Would you please copy every line from the records that contains the word "Proper"?

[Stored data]
***
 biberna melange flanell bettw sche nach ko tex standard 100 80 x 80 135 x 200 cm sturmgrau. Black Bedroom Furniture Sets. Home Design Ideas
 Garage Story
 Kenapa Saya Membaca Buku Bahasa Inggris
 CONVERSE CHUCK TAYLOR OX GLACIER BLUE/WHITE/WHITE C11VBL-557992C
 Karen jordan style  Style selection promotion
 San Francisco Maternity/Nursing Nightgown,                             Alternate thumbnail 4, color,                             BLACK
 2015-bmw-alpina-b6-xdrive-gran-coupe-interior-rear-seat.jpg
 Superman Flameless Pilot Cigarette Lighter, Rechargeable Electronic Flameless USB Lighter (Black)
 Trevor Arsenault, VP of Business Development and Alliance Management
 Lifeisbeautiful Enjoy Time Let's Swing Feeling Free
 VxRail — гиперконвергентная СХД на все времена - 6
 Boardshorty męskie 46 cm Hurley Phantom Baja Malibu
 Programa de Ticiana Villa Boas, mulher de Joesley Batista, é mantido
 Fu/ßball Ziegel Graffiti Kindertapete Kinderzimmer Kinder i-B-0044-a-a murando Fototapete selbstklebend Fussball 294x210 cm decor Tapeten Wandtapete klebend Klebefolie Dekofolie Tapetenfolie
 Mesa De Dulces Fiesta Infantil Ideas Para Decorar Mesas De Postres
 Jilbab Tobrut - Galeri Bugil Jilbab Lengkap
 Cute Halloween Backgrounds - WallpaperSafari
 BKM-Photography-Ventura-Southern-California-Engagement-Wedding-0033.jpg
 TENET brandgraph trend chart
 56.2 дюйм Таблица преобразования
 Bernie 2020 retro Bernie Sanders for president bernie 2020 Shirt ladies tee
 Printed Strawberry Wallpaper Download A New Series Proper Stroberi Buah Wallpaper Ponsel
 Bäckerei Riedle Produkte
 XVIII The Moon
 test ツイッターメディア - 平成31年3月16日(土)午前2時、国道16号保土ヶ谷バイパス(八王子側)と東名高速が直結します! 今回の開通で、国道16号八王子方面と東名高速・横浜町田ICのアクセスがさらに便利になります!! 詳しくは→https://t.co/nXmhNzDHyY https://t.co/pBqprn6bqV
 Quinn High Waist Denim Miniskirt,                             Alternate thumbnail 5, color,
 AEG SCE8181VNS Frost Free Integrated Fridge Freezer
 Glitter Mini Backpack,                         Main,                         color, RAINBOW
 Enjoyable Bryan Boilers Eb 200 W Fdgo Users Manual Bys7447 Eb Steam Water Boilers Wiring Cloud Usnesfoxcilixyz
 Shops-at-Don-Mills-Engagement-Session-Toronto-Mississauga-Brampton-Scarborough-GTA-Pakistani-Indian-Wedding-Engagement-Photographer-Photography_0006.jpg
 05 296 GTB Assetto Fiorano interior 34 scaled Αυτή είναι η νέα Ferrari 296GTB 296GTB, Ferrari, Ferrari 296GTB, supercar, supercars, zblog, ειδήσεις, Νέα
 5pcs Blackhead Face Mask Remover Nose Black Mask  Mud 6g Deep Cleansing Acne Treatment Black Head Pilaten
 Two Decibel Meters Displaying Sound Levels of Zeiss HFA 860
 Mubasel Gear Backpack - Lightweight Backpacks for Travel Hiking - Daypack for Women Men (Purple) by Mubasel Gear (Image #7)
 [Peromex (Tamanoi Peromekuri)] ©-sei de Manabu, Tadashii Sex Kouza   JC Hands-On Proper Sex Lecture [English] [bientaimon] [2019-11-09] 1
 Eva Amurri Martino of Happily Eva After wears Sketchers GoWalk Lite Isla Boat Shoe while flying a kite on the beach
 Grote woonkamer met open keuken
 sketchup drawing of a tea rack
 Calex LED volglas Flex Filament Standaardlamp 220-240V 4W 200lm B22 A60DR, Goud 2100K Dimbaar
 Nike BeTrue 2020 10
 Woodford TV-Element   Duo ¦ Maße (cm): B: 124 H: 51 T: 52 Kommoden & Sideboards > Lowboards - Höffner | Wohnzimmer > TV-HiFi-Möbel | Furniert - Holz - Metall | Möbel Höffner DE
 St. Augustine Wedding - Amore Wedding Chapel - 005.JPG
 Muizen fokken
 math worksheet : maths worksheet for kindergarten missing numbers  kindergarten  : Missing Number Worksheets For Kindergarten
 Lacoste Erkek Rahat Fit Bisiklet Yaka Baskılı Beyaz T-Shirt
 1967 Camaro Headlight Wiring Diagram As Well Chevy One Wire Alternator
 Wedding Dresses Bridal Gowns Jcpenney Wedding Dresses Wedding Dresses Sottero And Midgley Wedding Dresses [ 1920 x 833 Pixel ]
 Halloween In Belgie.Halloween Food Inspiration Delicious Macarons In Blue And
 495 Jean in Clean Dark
***
**Solution for this task:**
 Printed Strawberry Wallpaper Download A New Series Proper Stroberi Buah Wallpaper Ponsel
 [Peromex (Tamanoi Peromekuri)] ©-sei de Manabu, Tadashii Sex Kouza   JC Hands-On Proper Sex Lecture [English] [bientaimon] [2019-11-09] 1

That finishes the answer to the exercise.